> **Task**
From the material below, please set down exactly the lines starting with the one with "Mangostan und Rambutan" and going on through the one with "2048x1152 ððPixel Gun 3D #3ðð", without a single picture.

> **Input data**
-=-=-=-=-

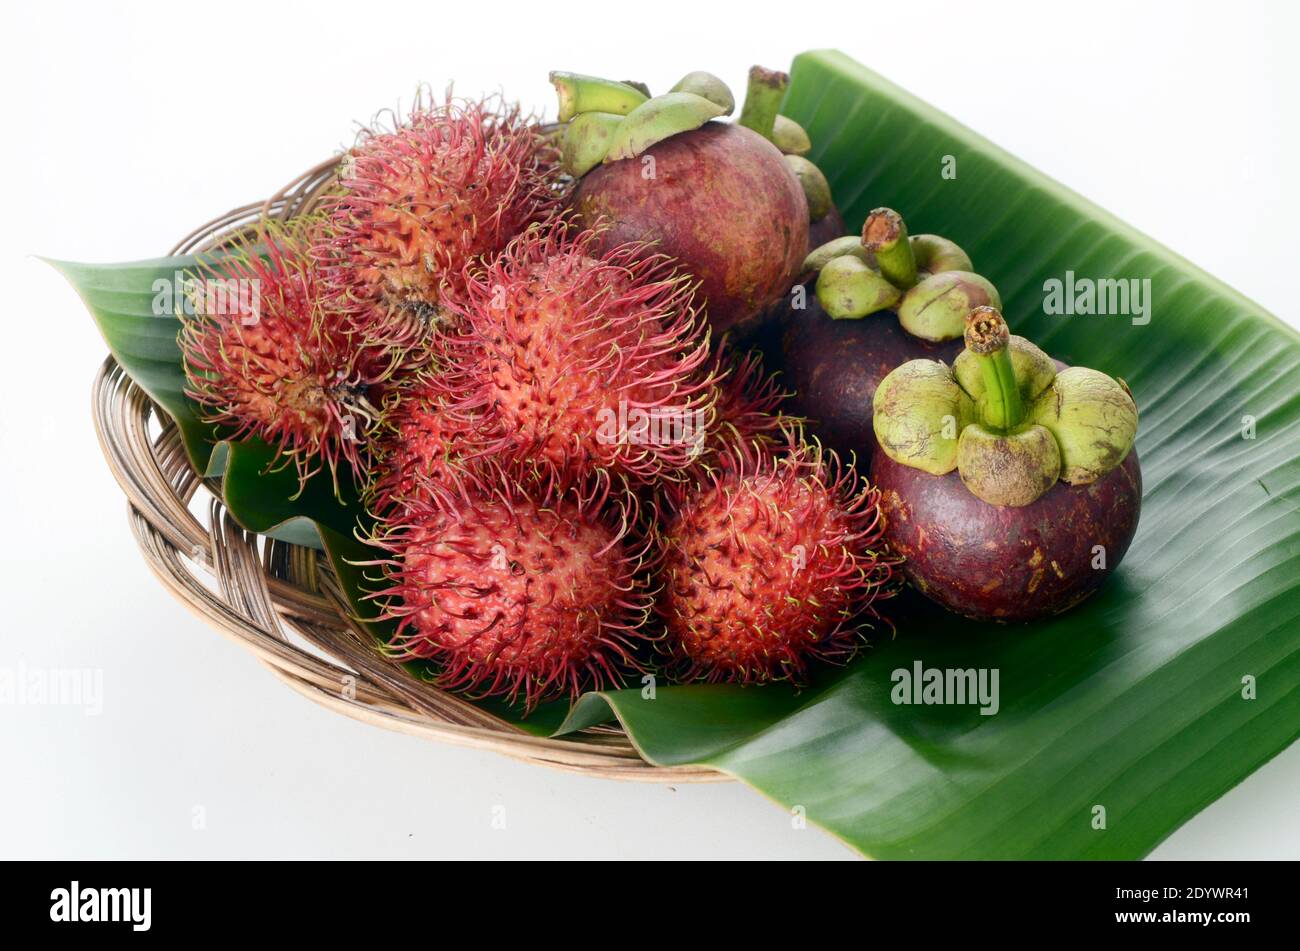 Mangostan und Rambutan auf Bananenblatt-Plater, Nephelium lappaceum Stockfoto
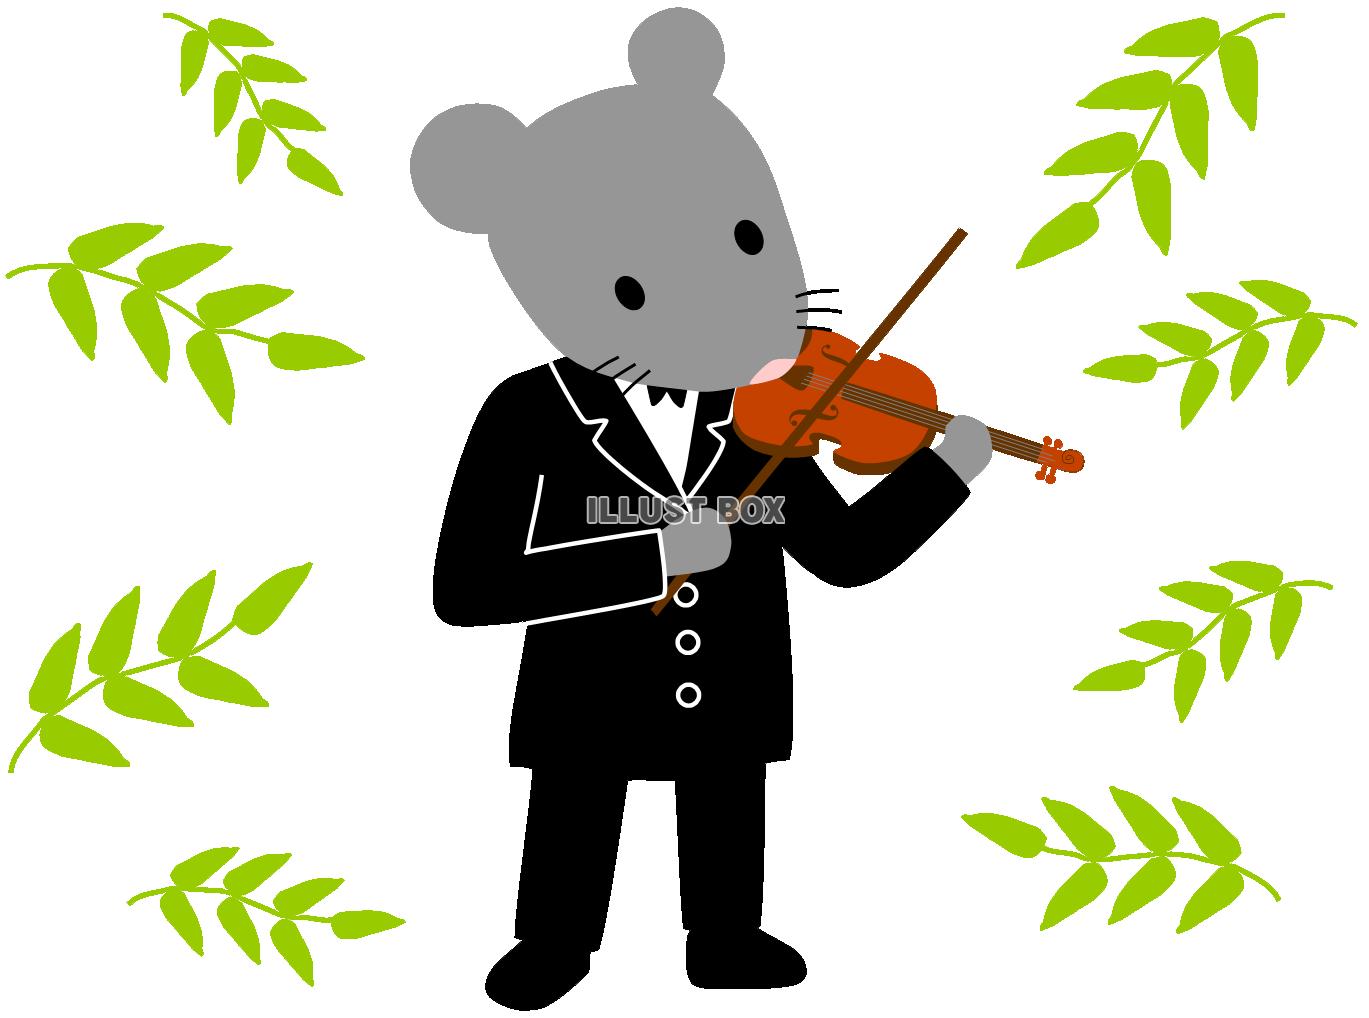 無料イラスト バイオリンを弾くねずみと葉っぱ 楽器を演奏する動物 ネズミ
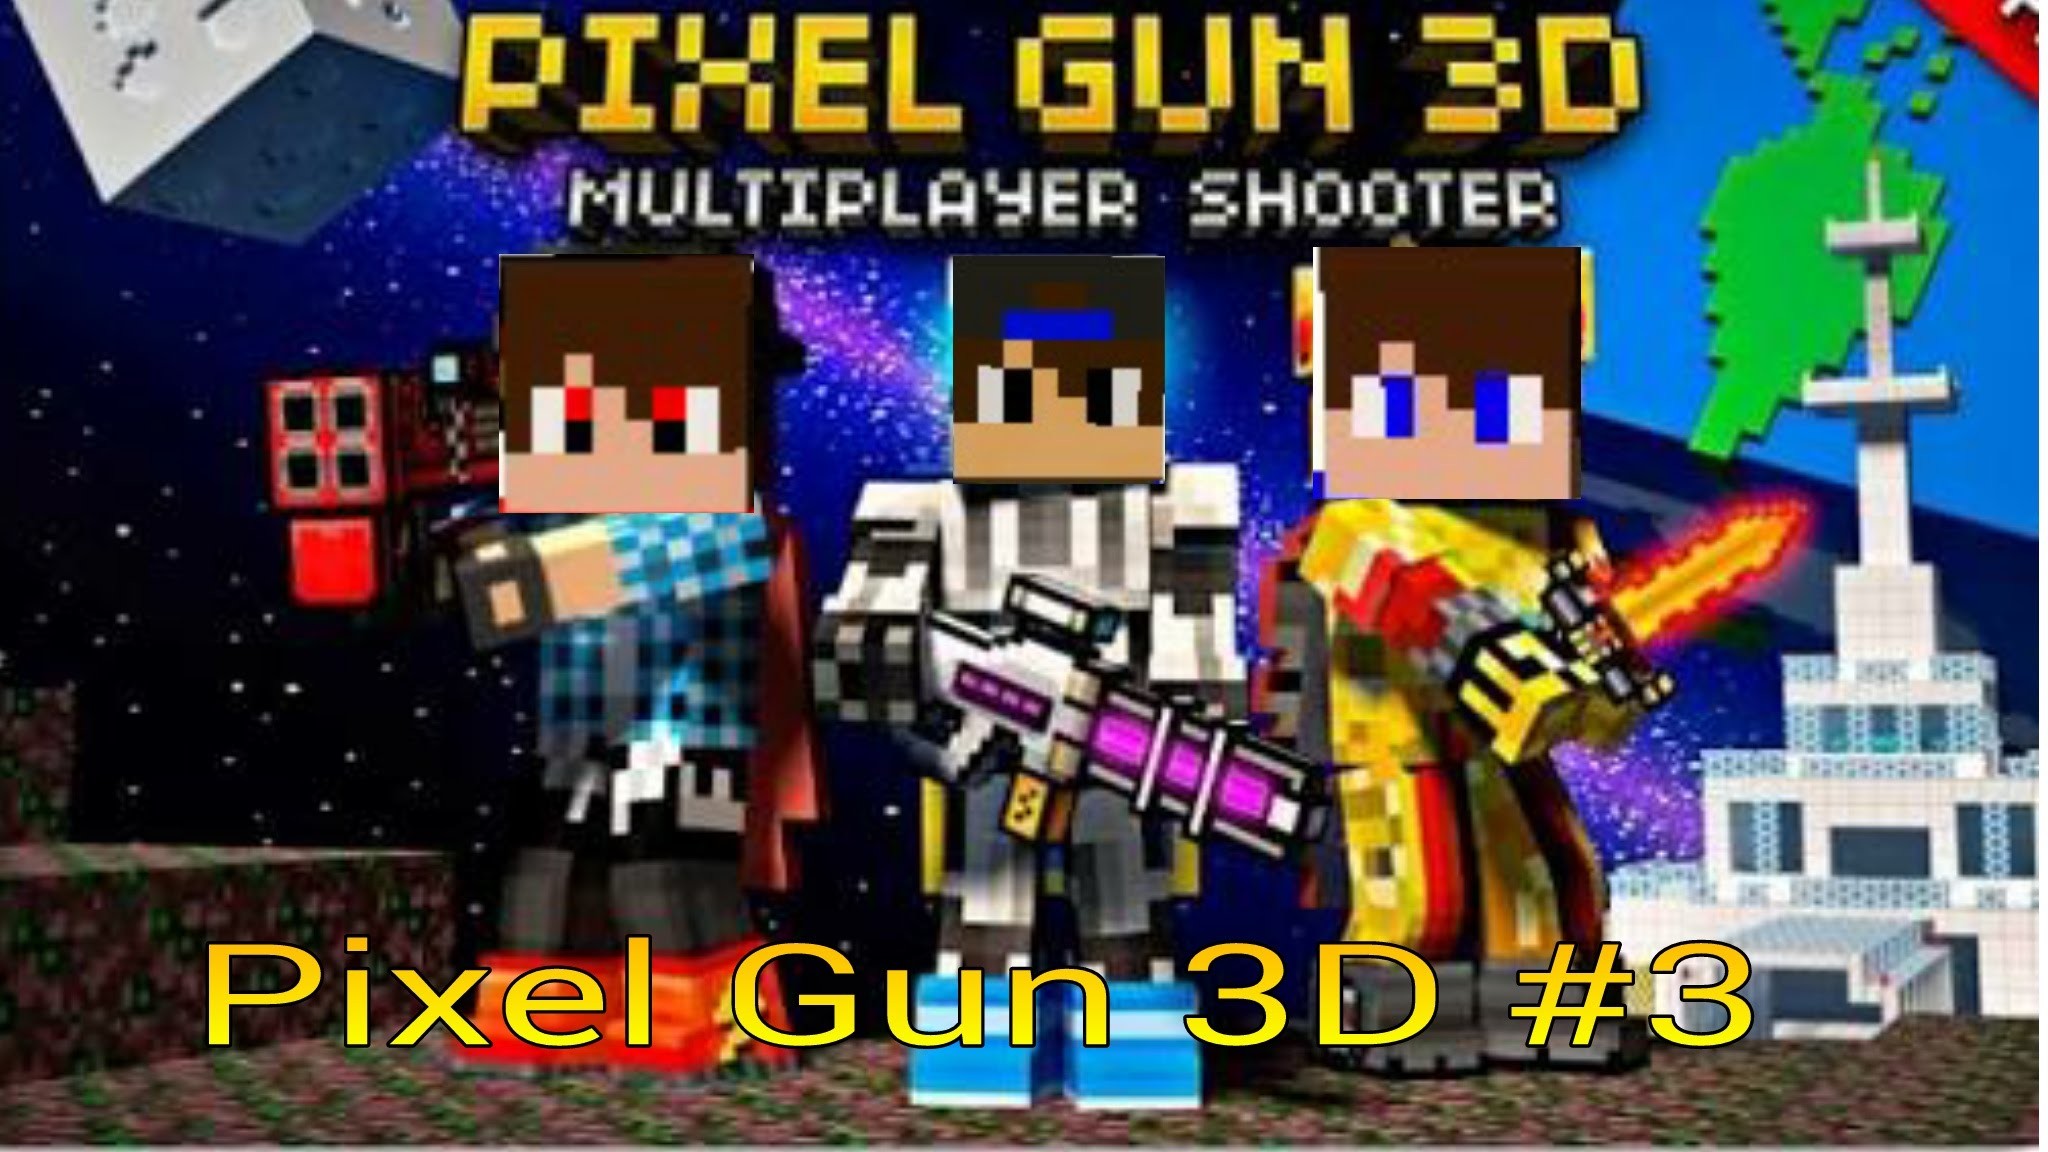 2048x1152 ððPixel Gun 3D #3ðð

-=-=-=-=-

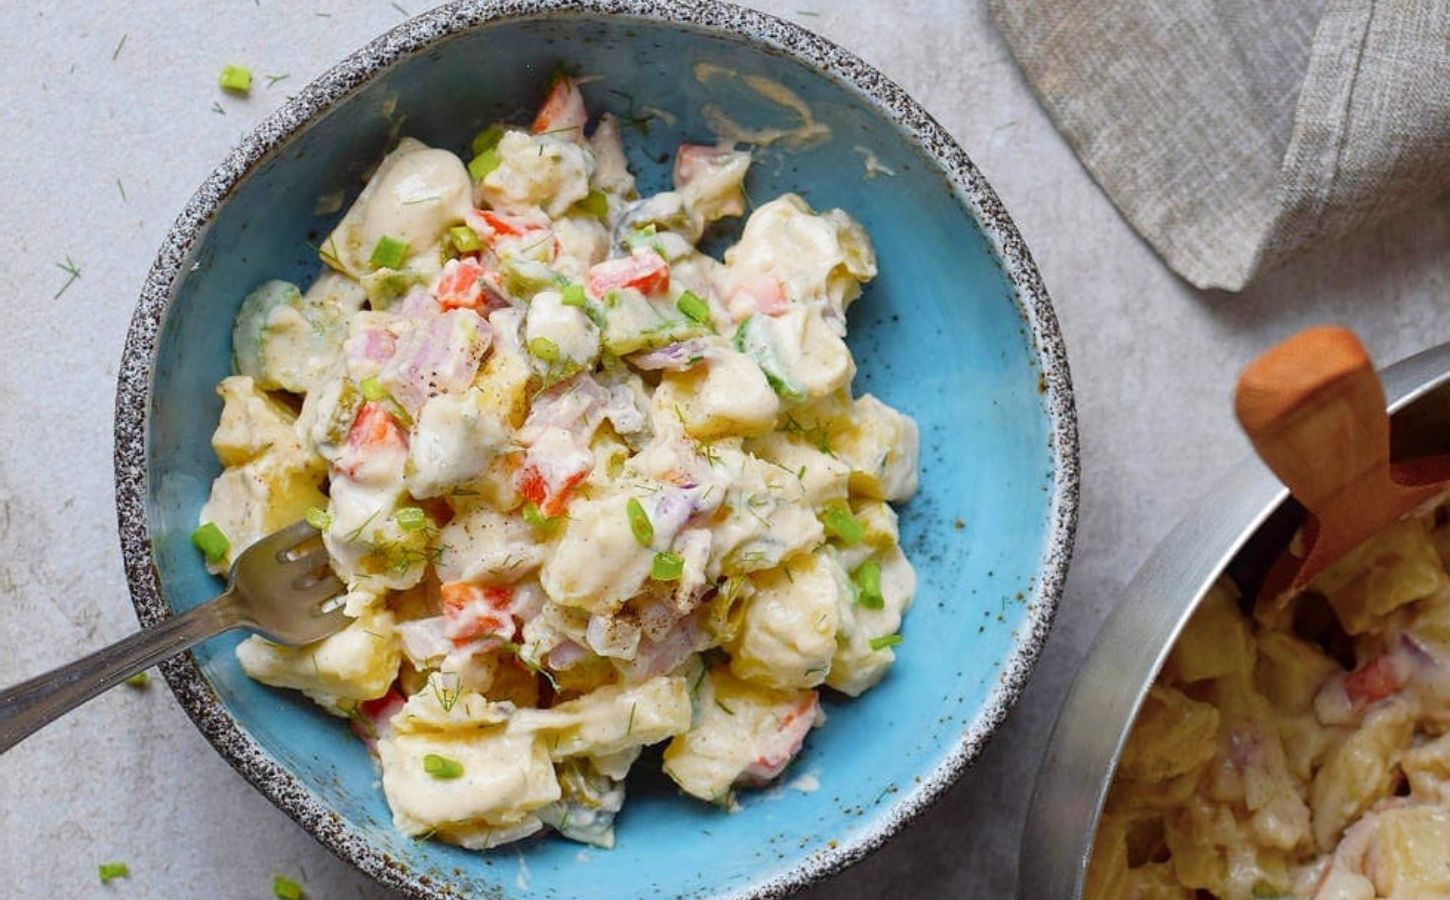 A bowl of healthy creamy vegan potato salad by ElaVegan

-=-=-=-=-

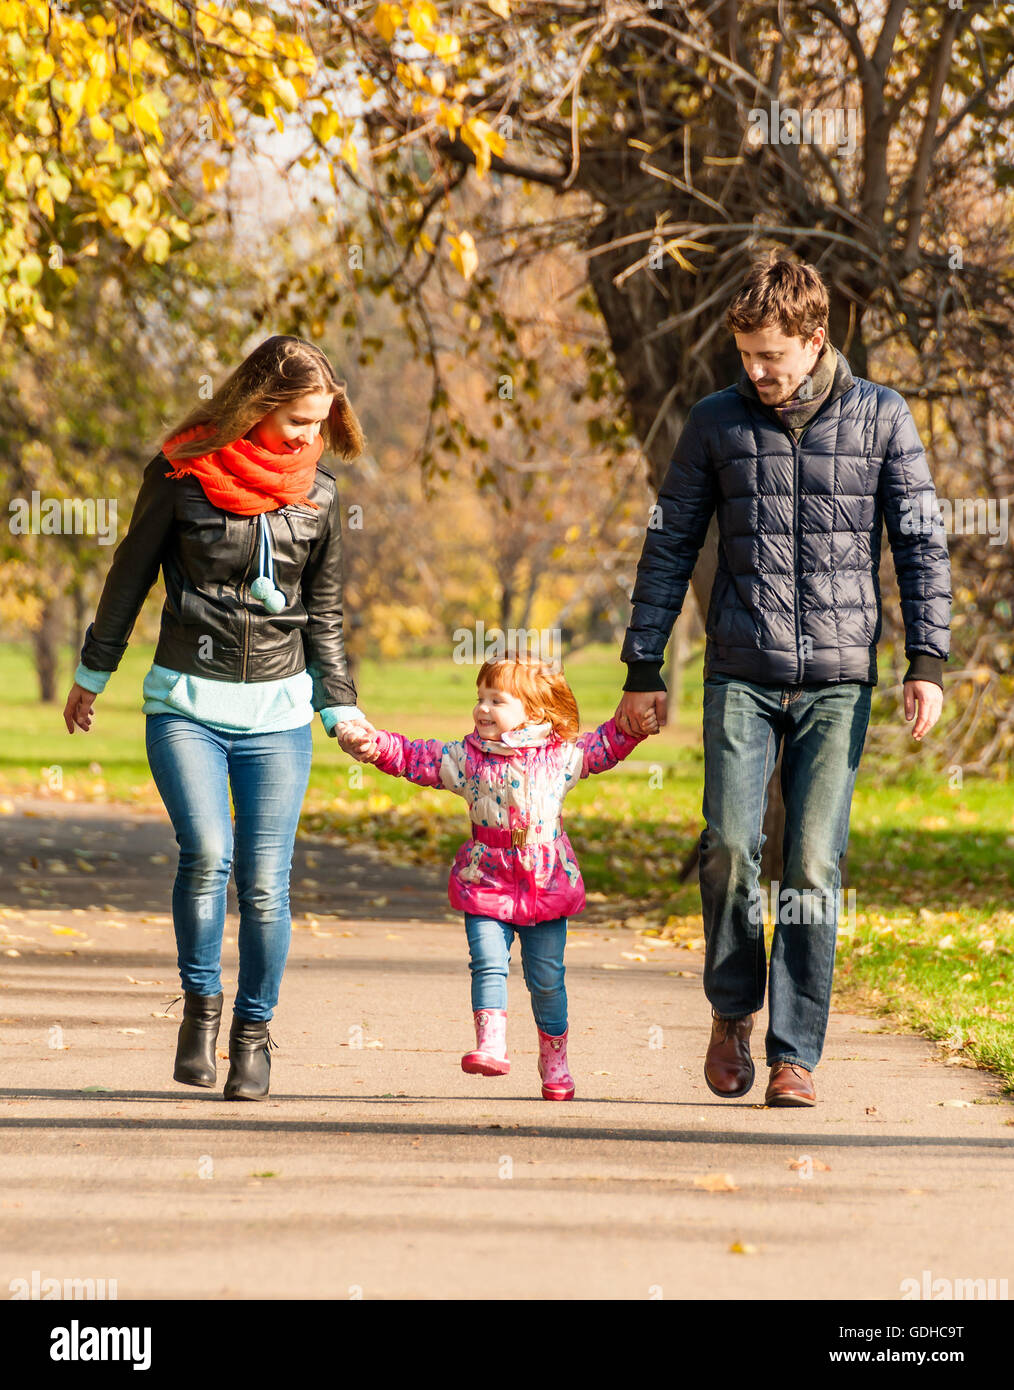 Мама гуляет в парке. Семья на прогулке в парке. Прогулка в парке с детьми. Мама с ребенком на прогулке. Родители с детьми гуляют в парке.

-=-=-=-=-

> **Response area**
 Mangostan und Rambutan auf Bananenblatt-Plater, Nephelium lappaceum Stockfoto
 無料イラスト バイオリンを弾くねずみと葉っぱ 楽器を演奏する動物 ネズミ
 2048x1152 ððPixel Gun 3D #3ðð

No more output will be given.